CARESPAN ANNOUNCES CLOSING OF SHARES FOR DEBT SETTLEMENT, ISSUANCE UNDER SHARES FOR SERVICES AGREEMENT, AND AMENDED WARRANT REPRICING
NOT FOR DISTRIBUTION TO U.S. NEWSWIRE SERVICES OR FOR DISSEMINATION IN THE UNITED STATES
VANCOUVER, BC, Feb. 22, 2023 /CNW/ – CareSpan Health, Inc. (TSX-V: CSPN) (“Company” or “CareSpan”), announces that, further to its news release dated January 13, 2023, it has issued an aggregate of 1,311,288 common shares in the capital of the Company (the “Common Shares“), at a deemed price of CAD$0.12 per Common Share, pursuant to salary deferral agreements entered into with certain employees and Rembert de Villa, the Chief Executive Officer and a Director of the Company, with respect to salary payments deferred by these individuals during the 2022 calendar year (the “Deferred Salary“).

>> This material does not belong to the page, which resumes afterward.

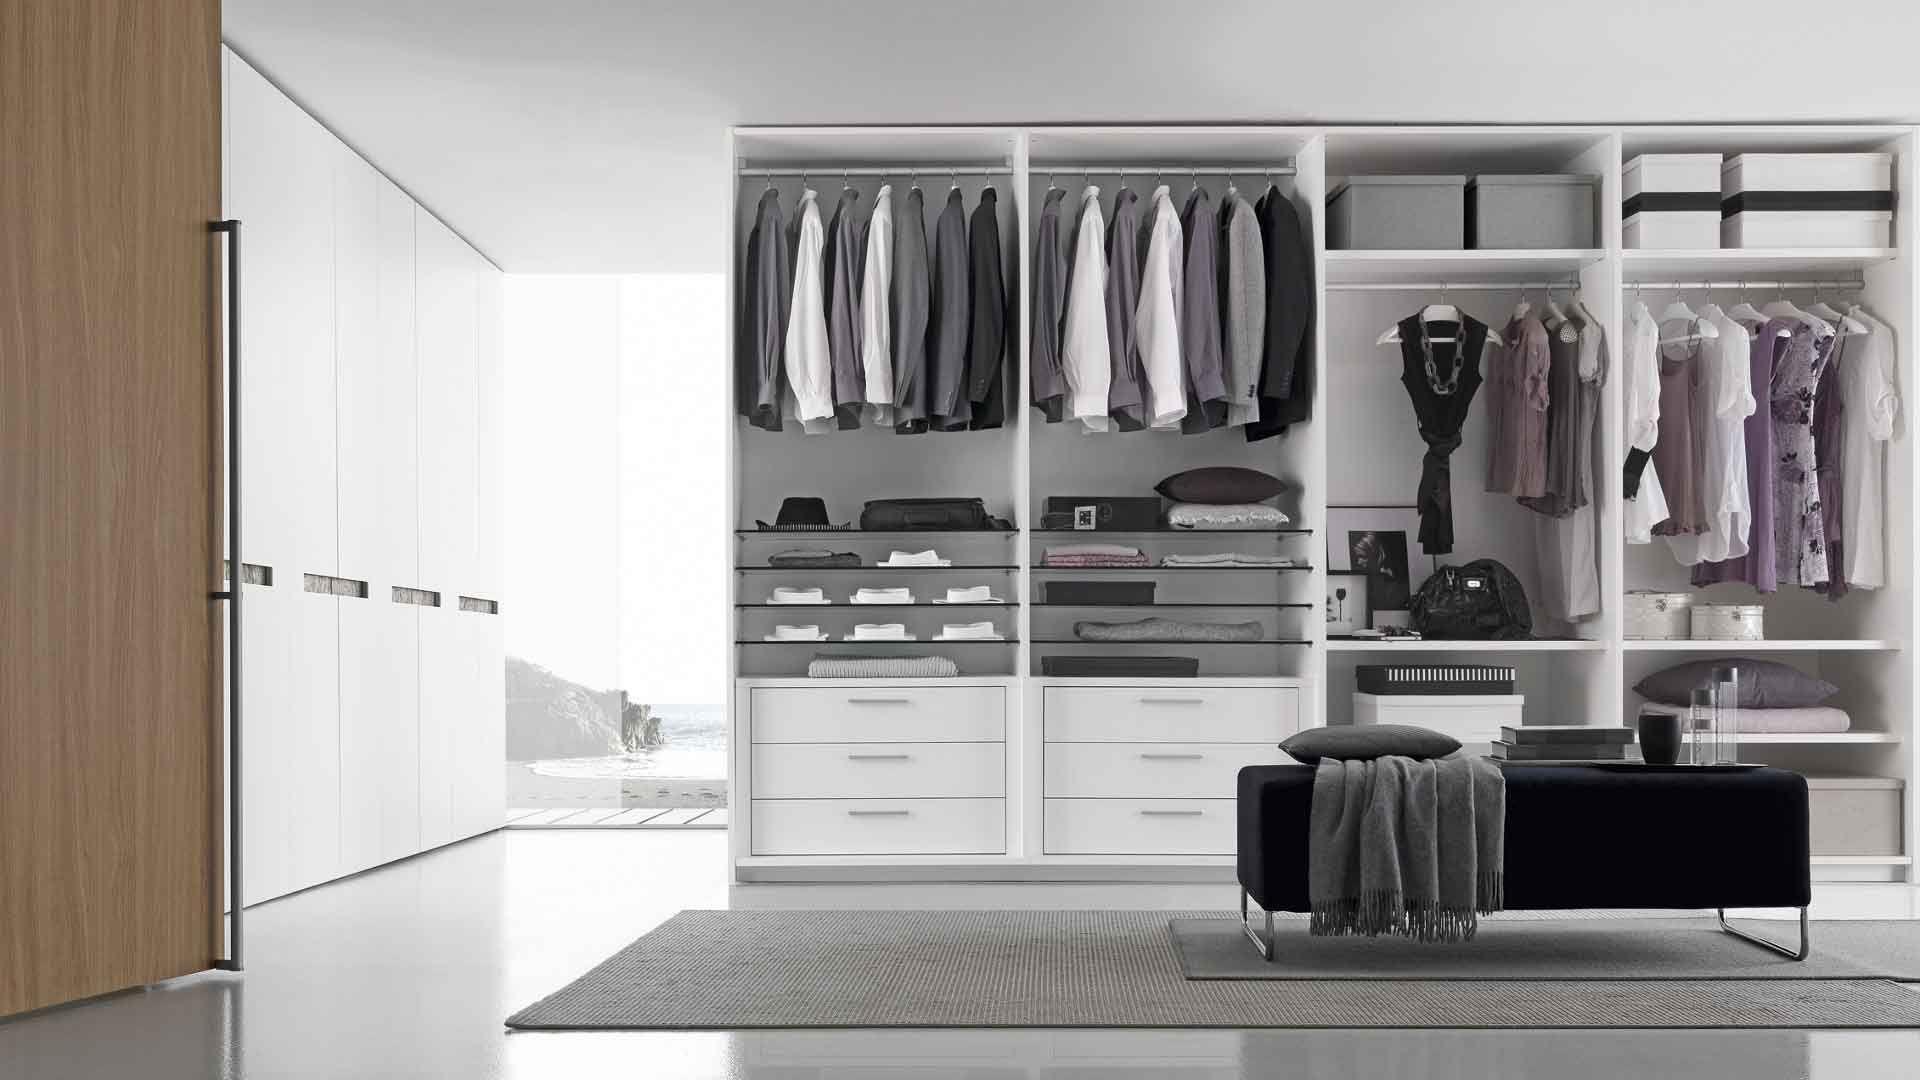 Acquistare un armadio come scegliere gli spazi interni - Interni per cabine armadio ...
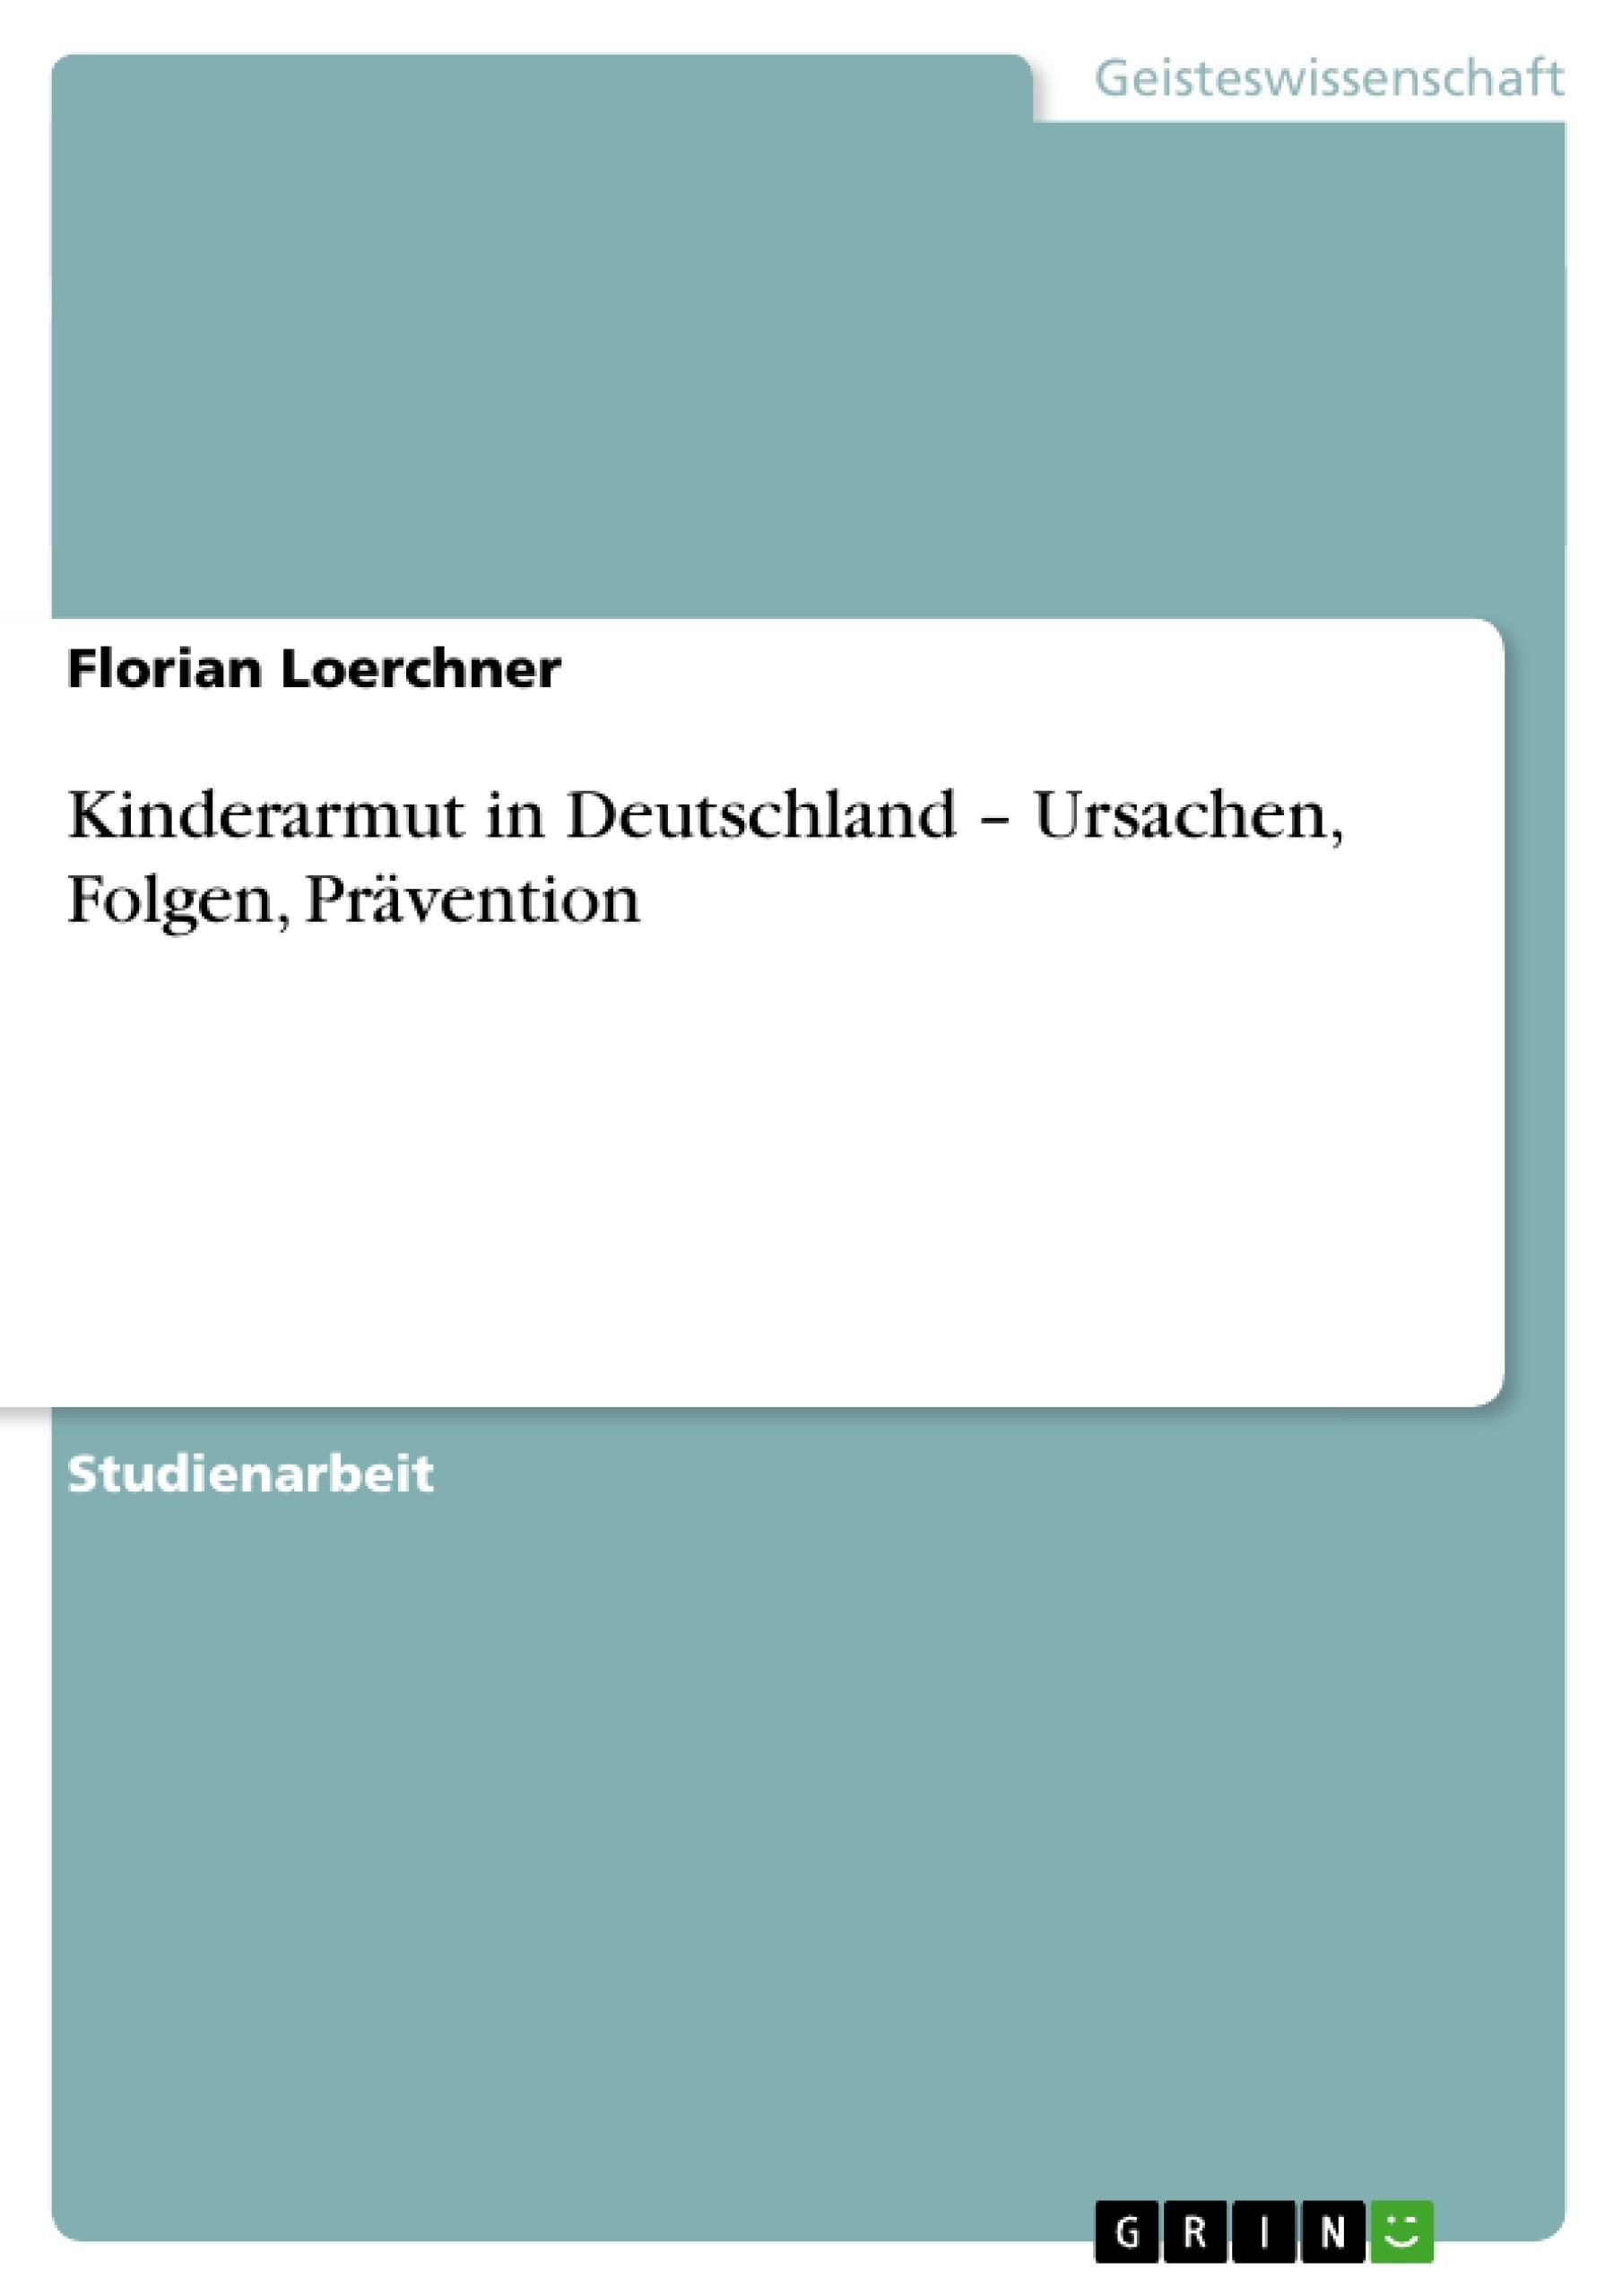 Titel: Kinderarmut in Deutschland – Ursachen, Folgen, Prävention

The Company issued the Common Shares in full satisfaction of the Deferred Salary.
Rembert de Villa is a “Non-Arm’s Length Party” (as such term is defined under the policies of the TSX Venture Exchange (the “TSXV“)) of the Company and the issuance of the Common Shares to Mr. de Villa constitutes a related party transaction as defined under MI 61-101. Such transaction is exempt from the formal valuation and minority shareholder approval requirements of MI 61-101 as neither the fair market value of the Common Shares issued to the interested party, nor the Deferred Salary owed to such interested party, exceed 25% of the Company’s market capitalization.
All Common Shares issued pursuant to the settlement of the Deferred Salaries are subject to a hold period of four months plus a day from the date of issuance of the Common Shares in accordance with applicable securities legislation and the polices of the TSXV.
Shares for Services
As previously disclosed by the Company, the Company entered into an arm’s length consulting agreement dated June 1, 2022 (the “Consulting Agreement“), pursuant to which a consultant shall provide certain work in the IT and operations area of the Company as directed by the Chief Executive Officer of the Company. As part of the consideration payable by the Company under the Consulting Agreement, the Company has agreed to issue that number of Common Shares equal to USD$2,500 per month, to be issued on a quarterly or semi-annual basis and pursuant to the policies of the TSXV.
For services rendered under the Consulting Agreement between the period of October 1, 2022 to December 31, 2022, the Company issued 84,877 Common Shares at a deemed price of CAD$0.12 per Common Share.
All Common Shares issued pursuant to the Consulting Agreement are subject to a hold period of four months plus a day from the date of issuance of the Common Shares in accordance with applicable securities legislation and the polices of the TSXV.
Warrant Repricing
Further to its news release dated February 10, 2023, the Company intends to reduce the exercise price of 2,491,131 common share purchase warrants (the “Warrants“) issued on September 14, 2022 pursuant to the closing of a non-brokered private placement of units of the Company (for further details on such private placement see the Company’s news release dated on September 14, 2022). CareSpan will lower the exercise price of the Warrants from $0.40 to $0.17 per Warrant Share (the “Warrant Repricing“), in accordance with the policies of the TSX Venture Exchange (the “TSXV“) and subject to approval from the TSXV. No Warrants have been exercised to date.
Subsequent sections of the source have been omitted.